The lingo is country fried as you would expect in a story set in the backwoods where E.R. , a Junior College graduate, is considered a mountain Einstein of the art of Copper Pot Chemistry cooling up the best white whiskey some declare to be in the entire country.
E.R. is content with his wife Rose and his baby until the meth deal in Milo jumps ugly and covets E.R.’s whiskey business and wants to turn all his whiskey customers into meth addicts.
Milo thinks his big city gangster rules will work for him in the backwoods on these hillbillies. Well, you’ll just have to read and find out for yourself if E.R. , cousin Crick, and the Giant survive to supply Mountain Falls with the best whiskey that ever soothed a troubled soul. Buy this book, and pray that Brother Caldwell will keep us supplied with simple good stories from out the backwoods.. Wish I could have given this one 10 Stars!

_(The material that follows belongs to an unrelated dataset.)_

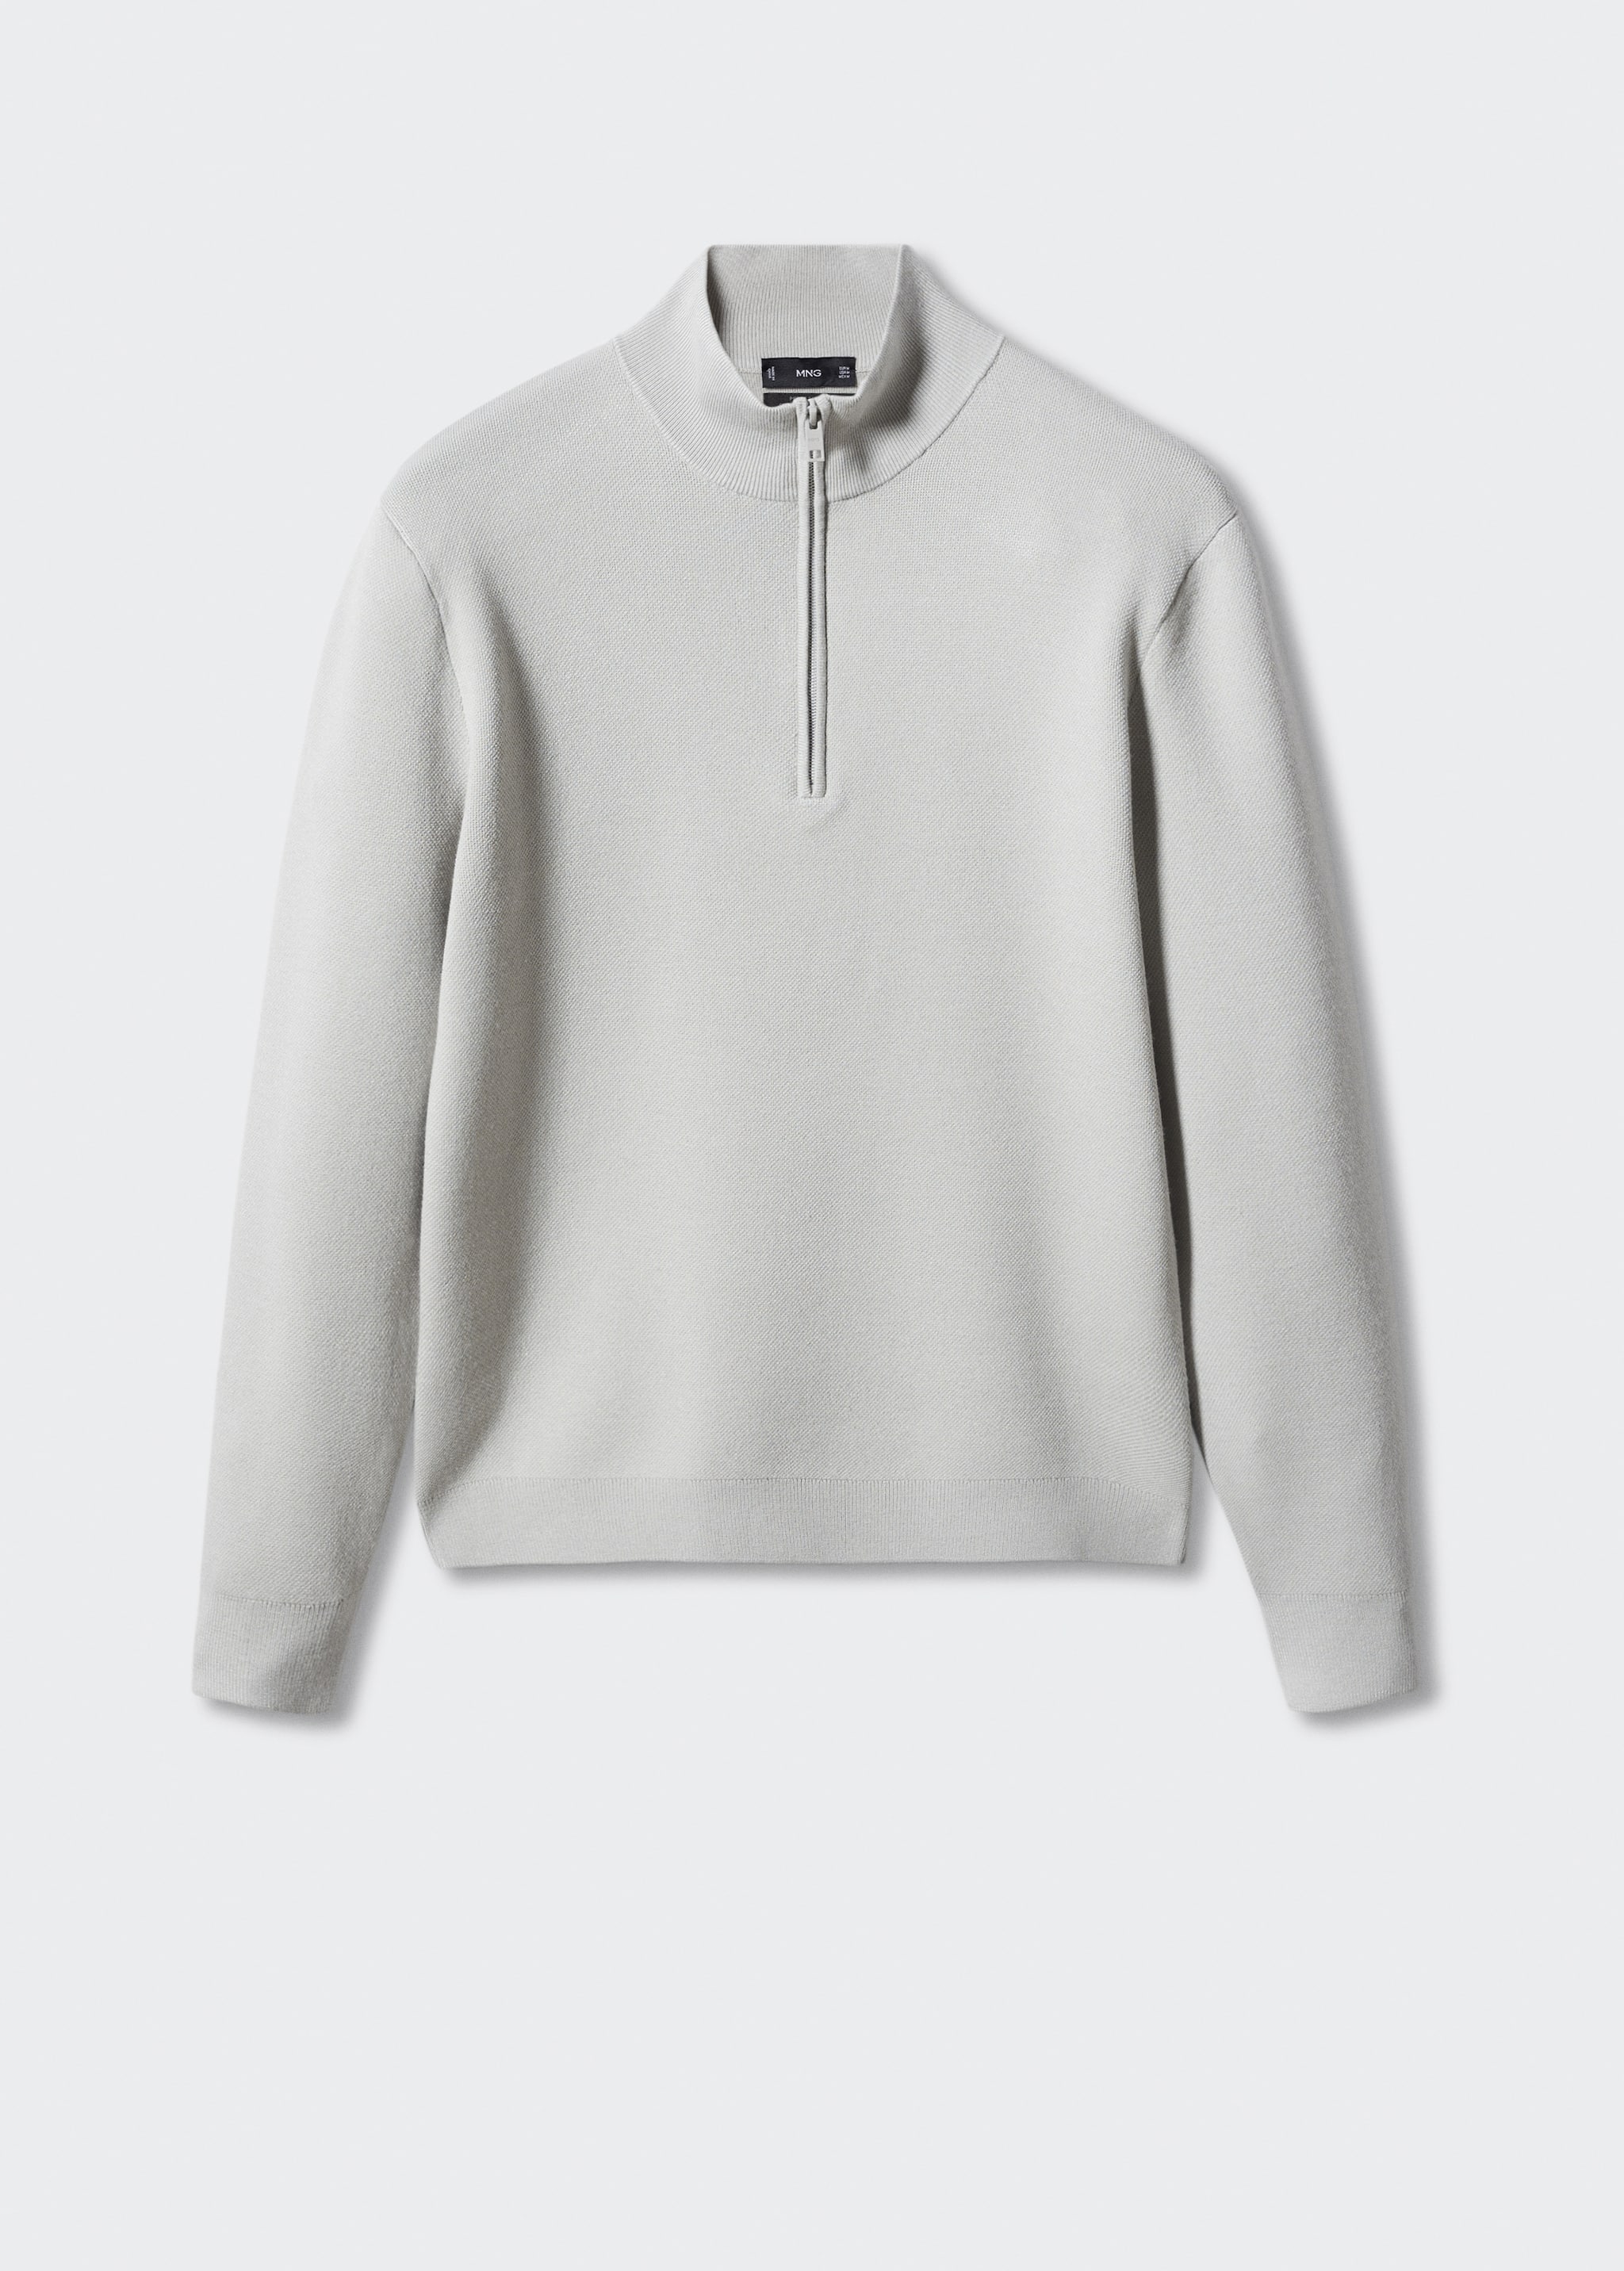 Breathable zip-neck sweater - Article without model

I chose these two reviews for a reason. They are incredibly flattering (Hey, I do have an ego, you know?), and they perfectly encapsulate the tone and content of the book.
More to come.
BTW: I’m aware that I’ve provided enough information for anyone to easily find the book via a simple Google inquiry. I thought about ‘redacting’ the obvious indicators, but that would have made this post look like an NSA document. That’s an association I’d like to avoid, thank you very much!